I’ll never forget a meeting I attended where a security engineer demanded IT remediate each of the 30,000 vulnerabilities he had discovered. I know that he wasn’t just dumping an unvetted pile of vulnerabilities on IT; he’d done his best to weed out false-positive results, other errors, and misses before presenting the findings. These were real issues, ranked using the Common Vulnerability Scoring System (CVSS). There can be no doubt that in that huge (and overwhelming) pile were some serious threats to the organization and its digital assets.
The reaction of the IT attendees did not surprise me, nor did the security engineer’s subsequent reaction. It didn’t go well. Presented with that much work, IT refused, describing their already fully loaded plans and referring the security engineer to the CIO. In other words, “Security, take your vulnerabilities and be gone. We have other work to do.”
I’ve seen this same dynamic play out over and over again. Faced with 72,000 unqualified static analysis findings, the application team addressed none of them. Given 130,000 issues across an organization’s entire (scannable) infrastructure, the operations team’s first reaction is to do nothing.
The foregoing, real-world numbers are overwhelming. As one senior architect told me, “It took me an average of 15 minutes to figure out whether each of the five findings was a real issue. None of them was. In order to work through this set of findings, the effort will take about six person-weeks. We don’t have a resource to dedicate to this for six weeks, especially at a high false-positive rate. Much of it will be wasted effort.”
At the same time, we intuitively know that somewhere in those piles of vulnerabilities are issues that will be exploited and whose exploitation will cause serious harm: we know there’s organizational risk in the pile. But how do we find the dangerous needle in the haystack of vulnerability findings?
Knee-jerk security responses don’t help. I cannot count the number of times a security person has flatly stated, “Just patch it.” As though patching is the simplest thing in the world.
Upgrading a security patch may be simple for a single application; it’s not quite so straightforward when faced with thousands of potential issues across thousands of software components. This is especially true as potential disruption from unexpected side-effects must be considered when introducing new software (patches) into complex systems whose failure might have disastrous consequences.
As far as I’ve been able to see, few organizations cope well with tens of thousands of issues, each demanding a fix. Plus, a continuing flow of new issues discovered each day adds to the work queue.
Ultimately, managing cybersecurity risk is a business decision just as managing any other organizational or operational risk is for an organization. When these issues are viewed from different, sometimes adversarial, technical silos, it is not surprising that a consensus understanding of organizational risk management priorities does not coalesce.
Up until recently, industry practice has been to prioritize issues based upon CVSS base score.
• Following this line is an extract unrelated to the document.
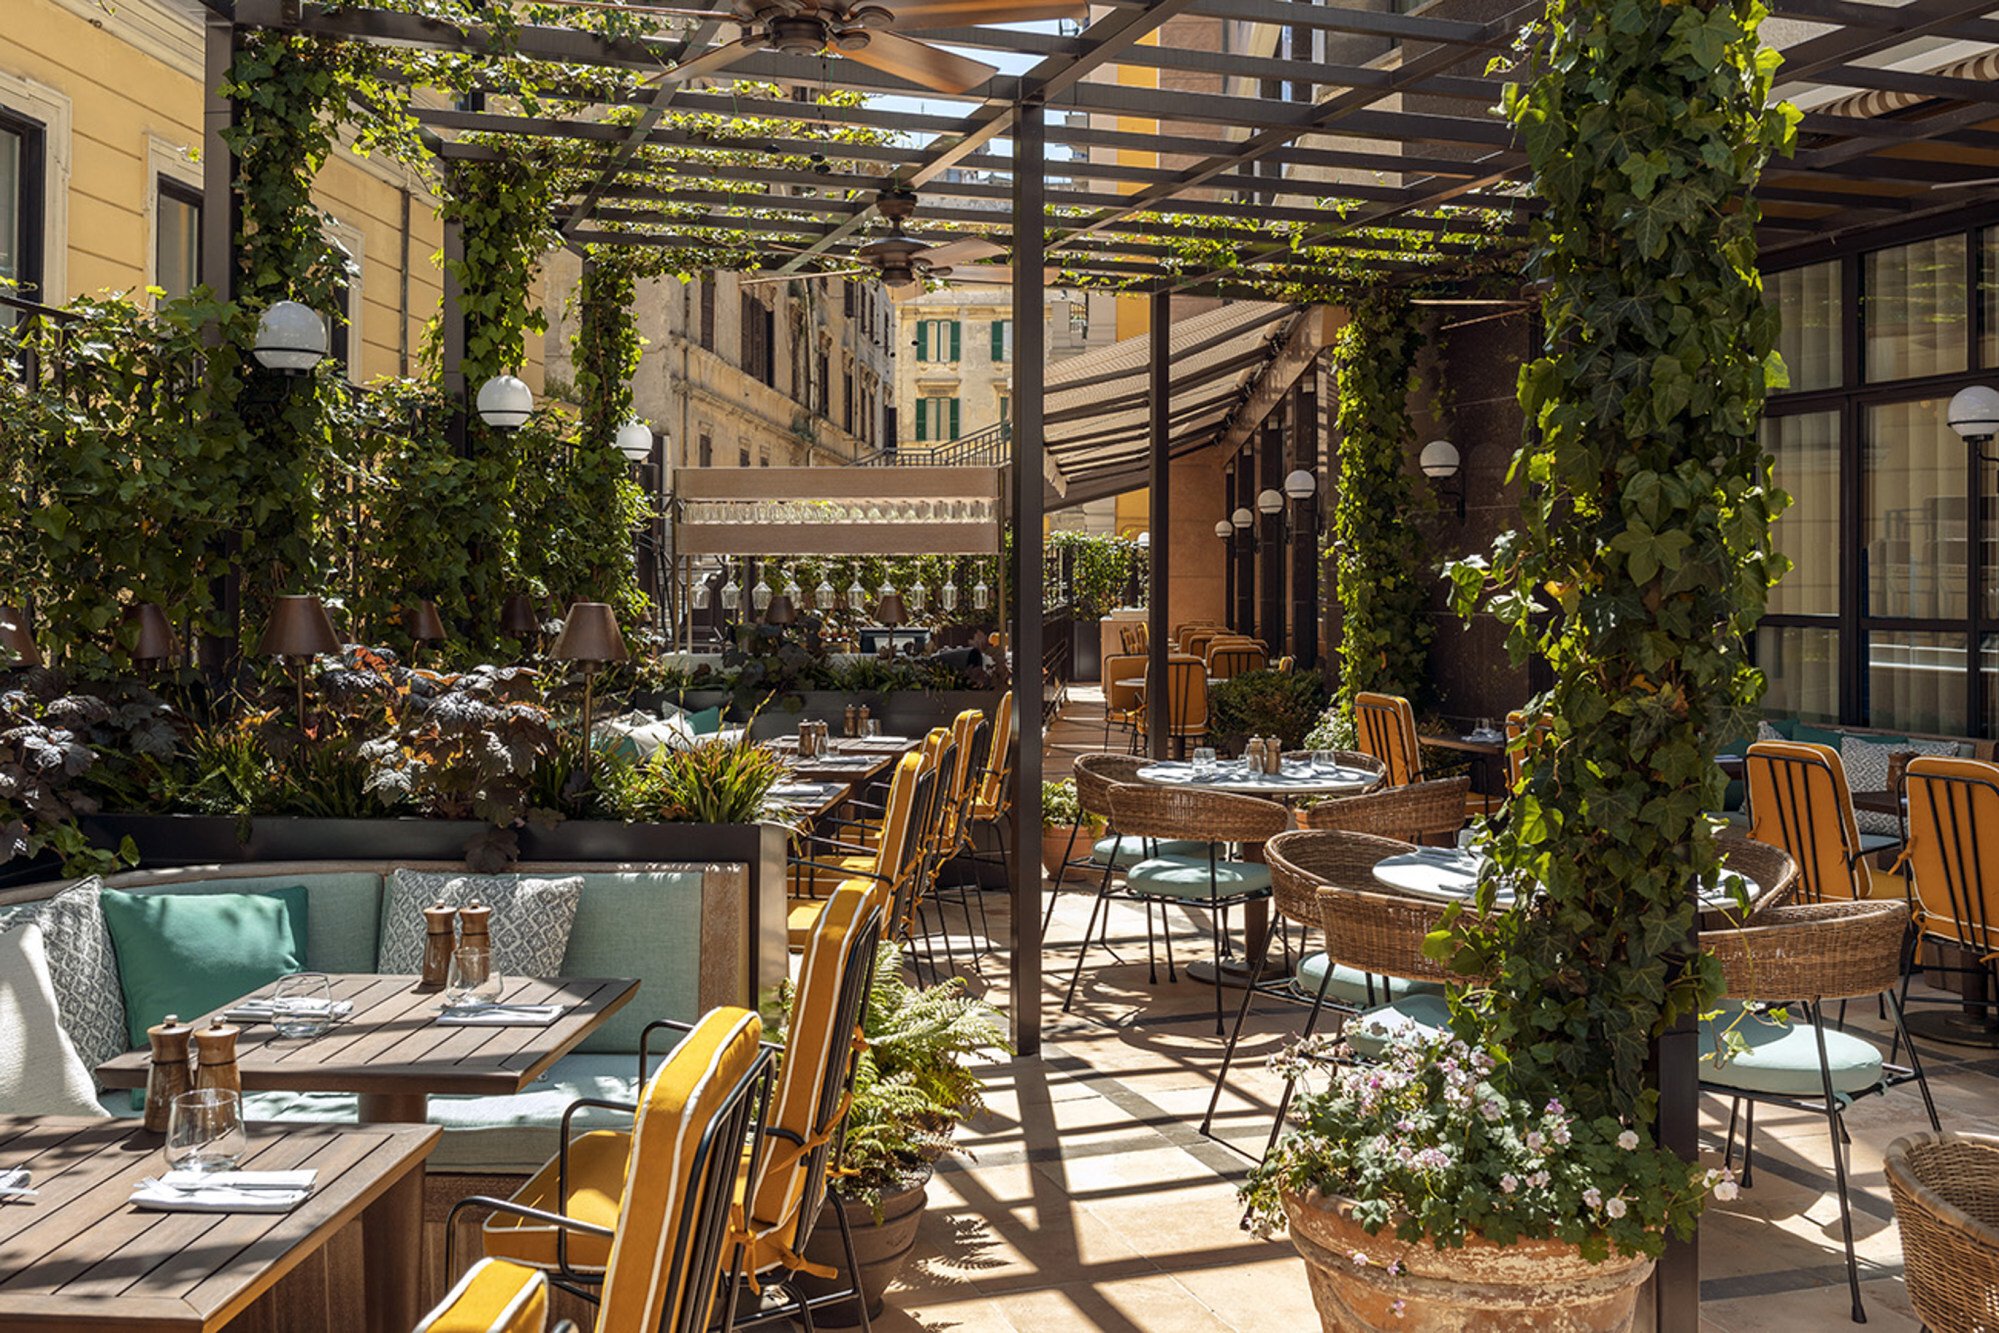 Hoxton Rome’s all-day dining spot Cugino is run in partnership with a local bakery. Photo: Hoxton Hotel

However, research from 2014 indicates that using the CVSS base score may be no better than “choosing at random.”1 Maybe that’s why even organizations with fairly mature security and operations functions continue to be compromised through unpatched vulnerabilities.
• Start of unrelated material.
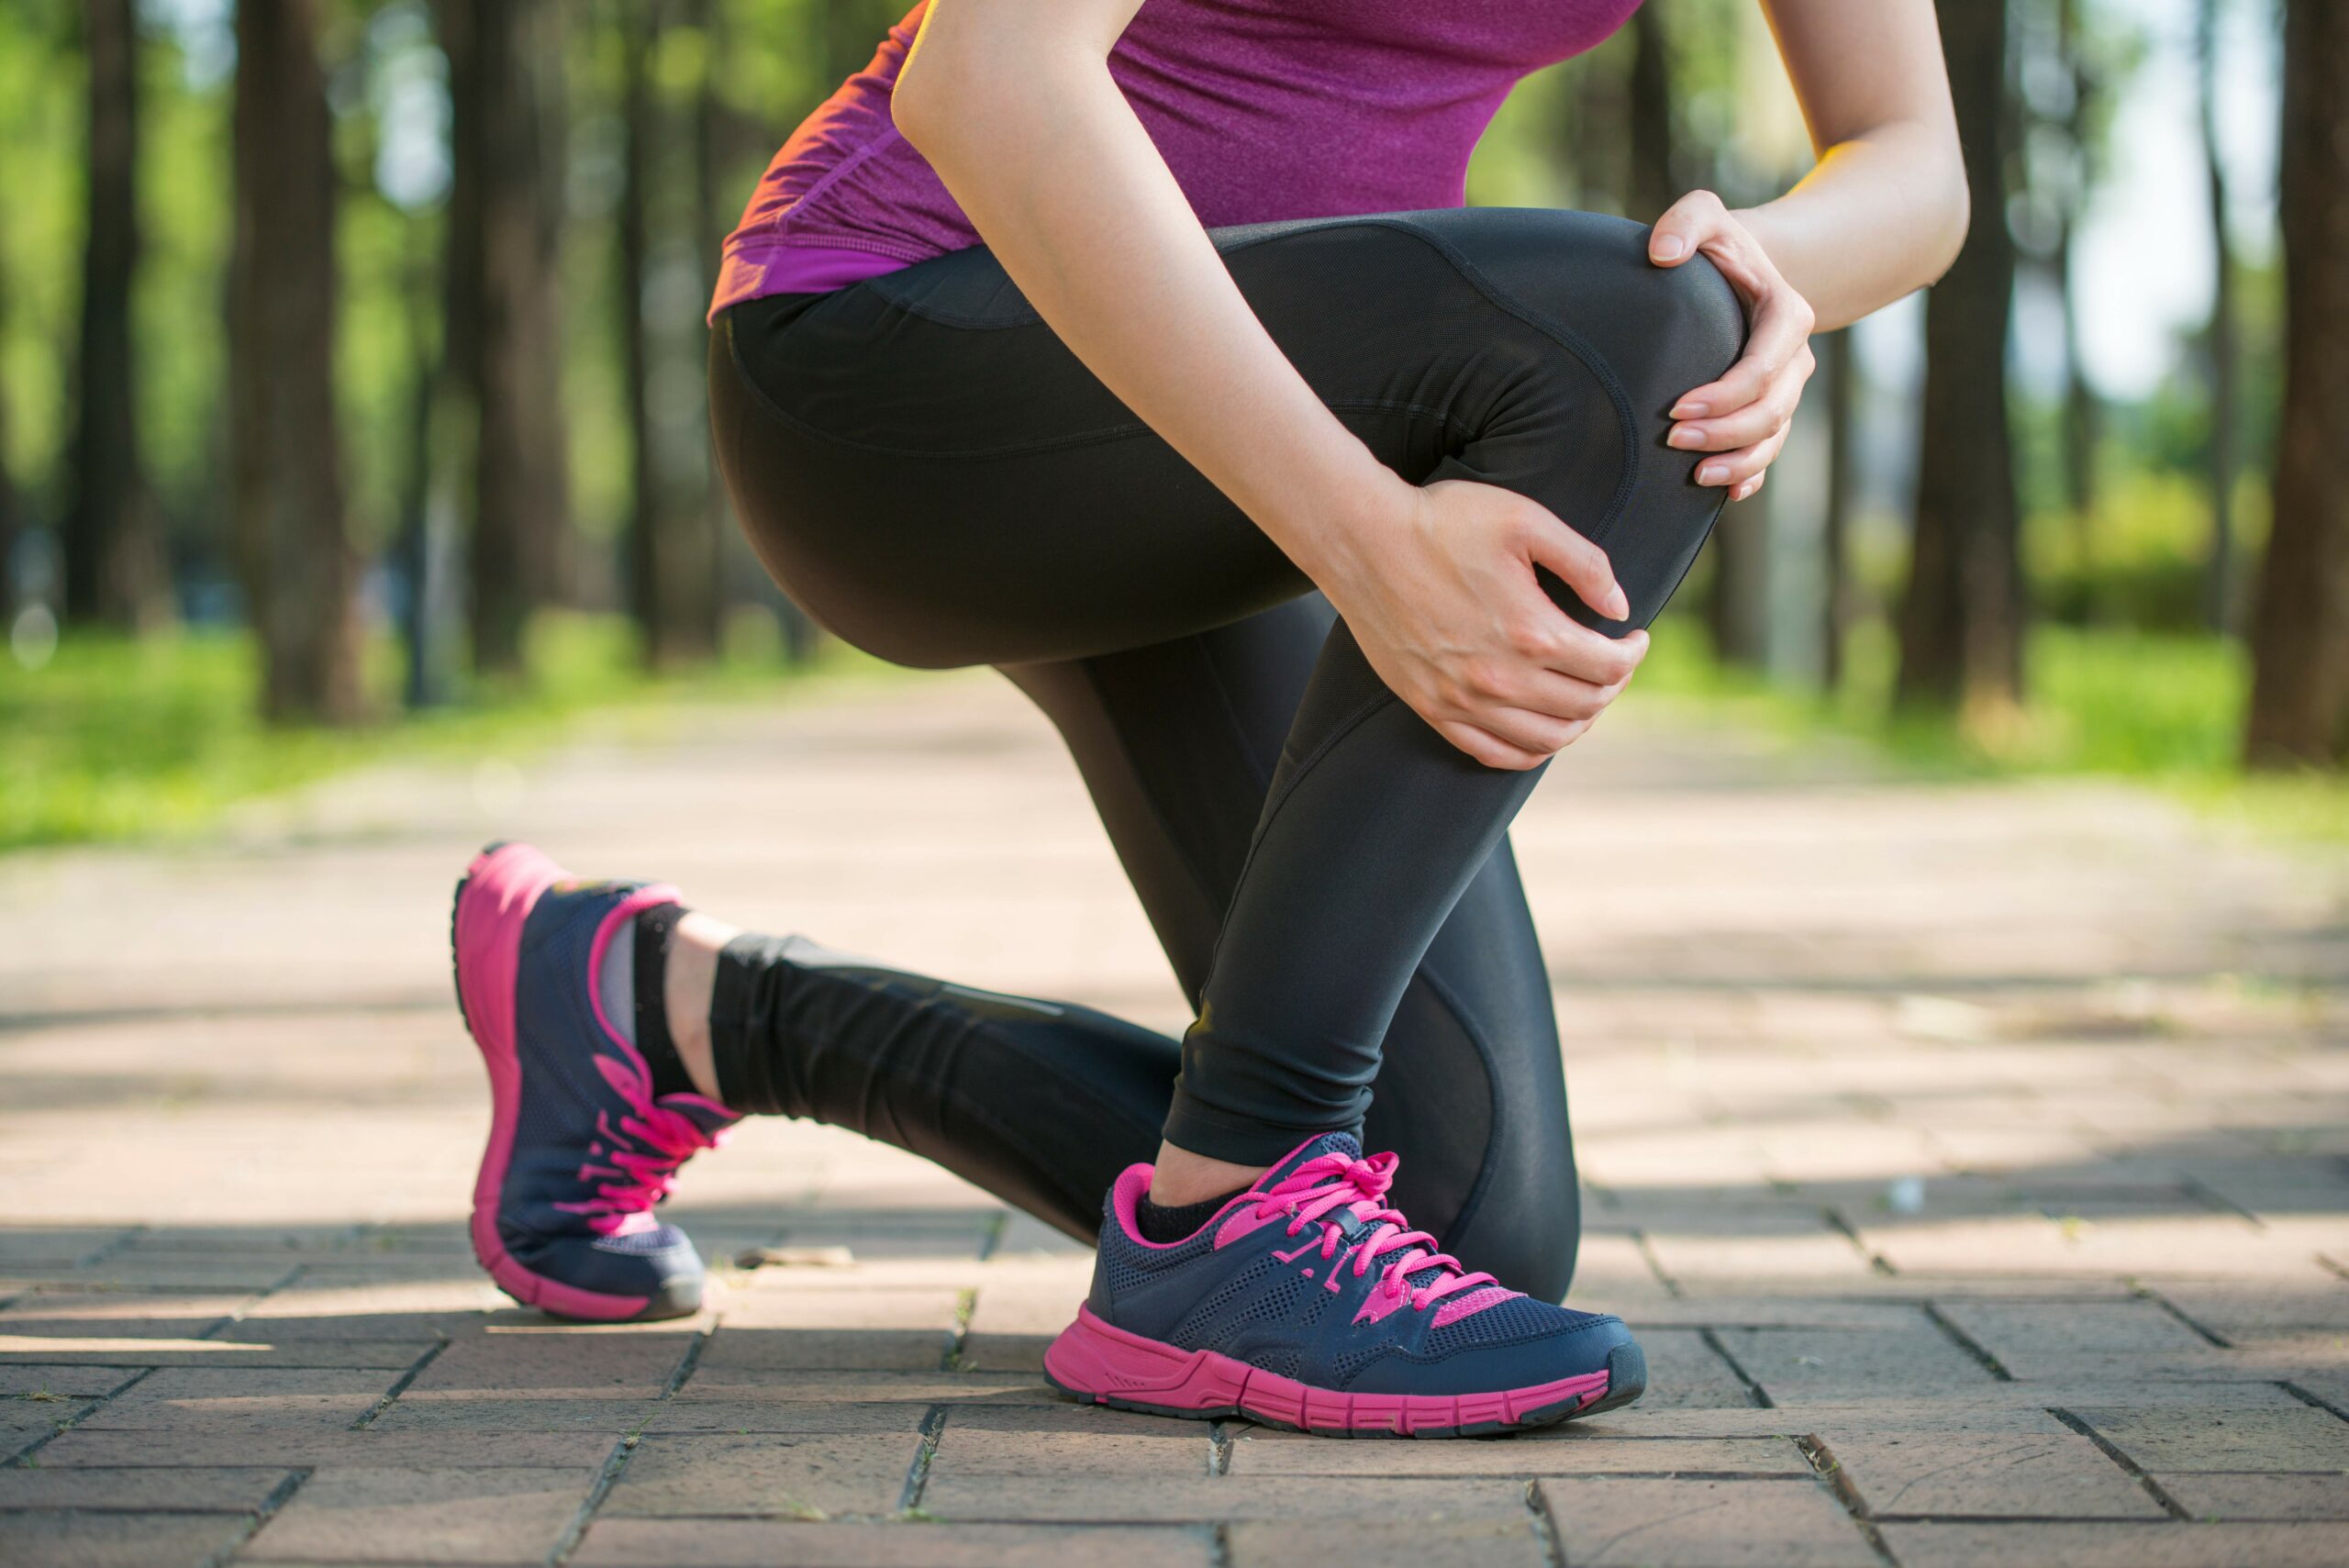 Woman Grabbing Knee in Pain While Jogging

Perhaps we’re fixing the wrong issues. Are there attributes that will help find the most likely exploits?
If we rely solely on CVSS, especially, published CVSS base scores, then yes, we will prioritize many issues that will rarely, perhaps never, be exploited by real attackers. The 2014 ground-breaking academic analysis by Allodi and Massacci2 found that CVSS base scores have been a poor predictor of exploitation. Their results have since been validated by some vendor-funded studies.3 CVSS has certainly proven useful for potential severity ratings, but using it as a predictor, or worse, as a risk calculation seems to be a mistake, despite the prevalence of the practice.
If not CVSS, then how can we identify the issues most likely to be exploited? Allodi and Massacci found that the addition of an exploit to an Exploit Kit dramatically increases the likelihood of use “in the wild,” that is, by real-world attackers. Their second strong predictor is Dark Web chatter about a vulnerability and its exploitation. When these two activities happen in tandem, one should fix the issue, and soon. This aligns well with the intuitive insights of today’s security practitioners who focused on threat intelligence and assessing their security posture through adversary emulation assessments such as red team exercises.
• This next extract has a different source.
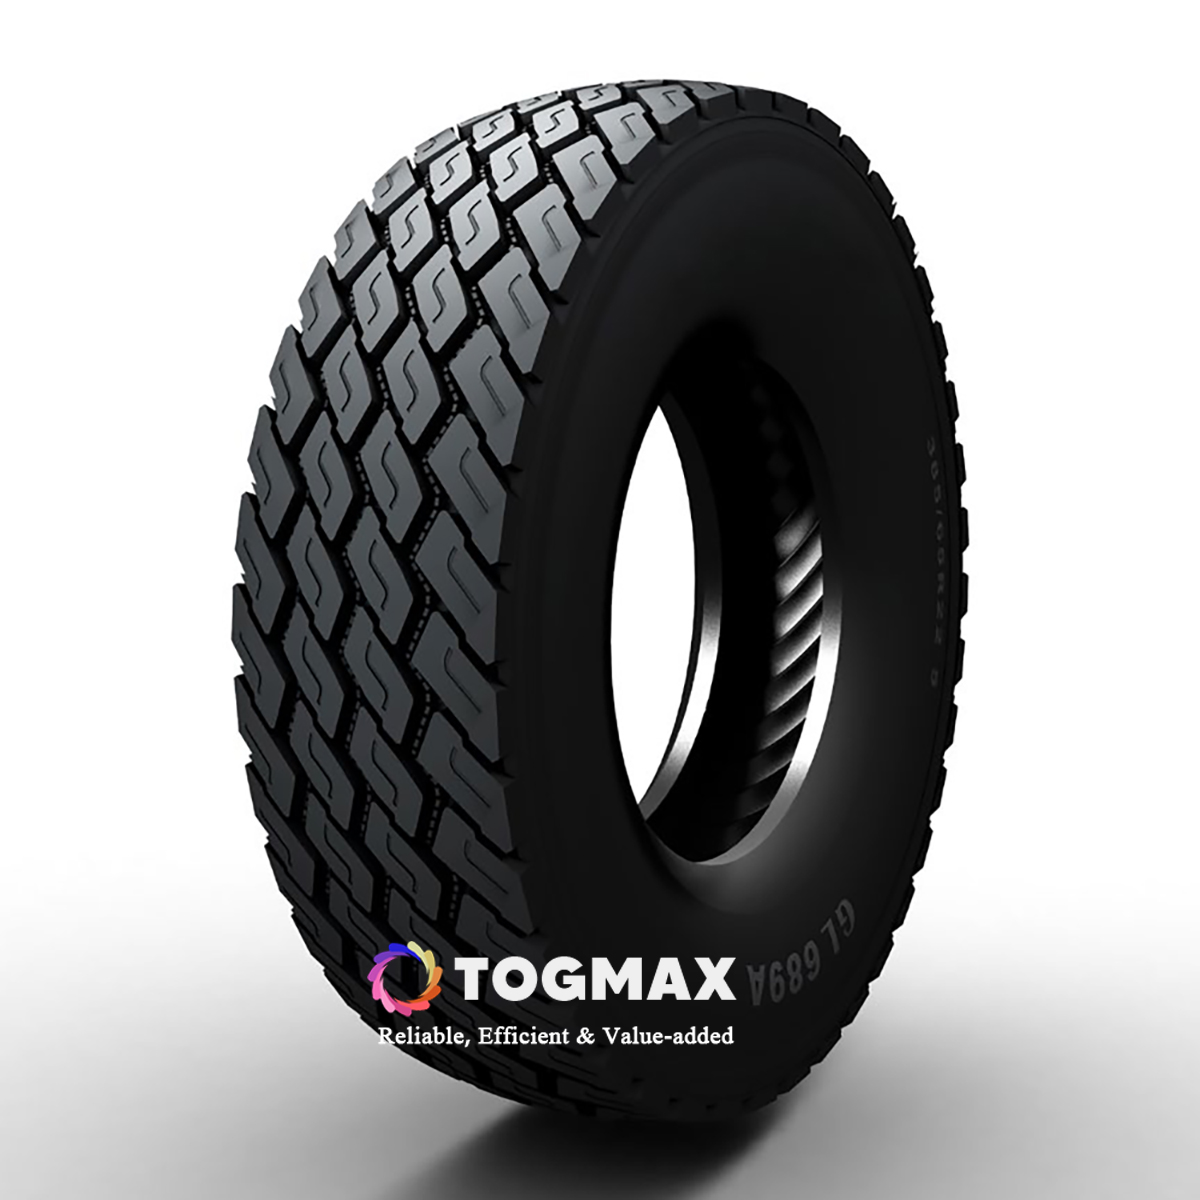 Advance Truck Tyre GL689A 385/65R22.5, 425/65R22.5 Made in Vietnam Factory

That should be easy, right? Unfortunately, processing Dark Web chatter proves non-trivial. Commercial products4 might not provide quite the right information, meaning that users must craft their own searches. Search capabilities in these products vary dramatically from full regular expressions to simple keyword searches. Buyer beware.
However, a recent announcement may signal the path forward. The Cyentia Institute and Kenna Security announced the release of their Exploit Prediction Scoring System (EPSS)5 and the research from which EPSS was built. Kenna Security is supplying the data from which the EPSS calculator works. EPSS employs further predictors than the two primary ones named by Allodi and Massacci; please see the EPSS research6 to learn more. EPSS may be vulnerability management’s better mousetrap.
EPSS includes the CVSS severity score. But it offers an entirely different dimension into the potential for active vulnerability misuse by real attackers. Don’t mistake CVSS for EPSS. They deliver very different facets of the vulnerability picture. Severity is our best guess as to how bad successful exploitation might be in a normalized, generalized case. CVSS lacks context, often glaringly missing. In comparison, EPSS attempts to tell us which vulnerabilities attackers will try, producing a percentage prediction of how likely exploitation will be at the time of calculation.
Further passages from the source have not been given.